Take the line with "Elbourn Air Fryer" as the first line and the last line of the data as the final one. Write out those lines exactly, and no others.

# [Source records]
———
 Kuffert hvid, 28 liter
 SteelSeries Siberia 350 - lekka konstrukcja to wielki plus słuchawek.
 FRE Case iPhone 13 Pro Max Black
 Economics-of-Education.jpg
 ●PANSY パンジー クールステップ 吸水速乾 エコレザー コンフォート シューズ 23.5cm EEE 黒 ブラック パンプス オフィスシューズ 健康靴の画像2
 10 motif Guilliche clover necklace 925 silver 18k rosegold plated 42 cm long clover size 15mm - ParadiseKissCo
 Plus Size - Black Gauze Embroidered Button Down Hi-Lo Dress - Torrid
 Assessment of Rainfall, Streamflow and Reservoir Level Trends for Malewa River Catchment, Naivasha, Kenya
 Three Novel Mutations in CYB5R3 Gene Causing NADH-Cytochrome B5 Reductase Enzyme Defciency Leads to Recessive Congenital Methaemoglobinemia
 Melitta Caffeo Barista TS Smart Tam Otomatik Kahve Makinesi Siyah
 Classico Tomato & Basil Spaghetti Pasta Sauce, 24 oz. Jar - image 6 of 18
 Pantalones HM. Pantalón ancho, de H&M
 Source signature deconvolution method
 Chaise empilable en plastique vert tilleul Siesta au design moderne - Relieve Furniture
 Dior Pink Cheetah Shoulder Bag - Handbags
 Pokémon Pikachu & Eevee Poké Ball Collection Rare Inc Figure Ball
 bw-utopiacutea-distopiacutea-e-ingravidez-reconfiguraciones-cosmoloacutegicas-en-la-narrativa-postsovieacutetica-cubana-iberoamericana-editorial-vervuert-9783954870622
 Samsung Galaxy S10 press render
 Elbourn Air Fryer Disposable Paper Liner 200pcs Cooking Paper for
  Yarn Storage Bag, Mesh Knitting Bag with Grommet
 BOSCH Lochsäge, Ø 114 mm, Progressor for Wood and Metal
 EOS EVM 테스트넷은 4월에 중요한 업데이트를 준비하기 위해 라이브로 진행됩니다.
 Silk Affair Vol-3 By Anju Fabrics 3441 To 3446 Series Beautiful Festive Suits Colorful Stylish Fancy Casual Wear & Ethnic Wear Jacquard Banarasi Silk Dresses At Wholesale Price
———
# [TASK RESPONSE]
 Elbourn Air Fryer Disposable Paper Liner 200pcs Cooking Paper for
  Yarn Storage Bag, Mesh Knitting Bag with Grommet
 BOSCH Lochsäge, Ø 114 mm, Progressor for Wood and Metal
 EOS EVM 테스트넷은 4월에 중요한 업데이트를 준비하기 위해 라이브로 진행됩니다.
 Silk Affair Vol-3 By Anju Fabrics 3441 To 3446 Series Beautiful Festive Suits Colorful Stylish Fancy Casual Wear & Ethnic Wear Jacquard Banarasi Silk Dresses At Wholesale Price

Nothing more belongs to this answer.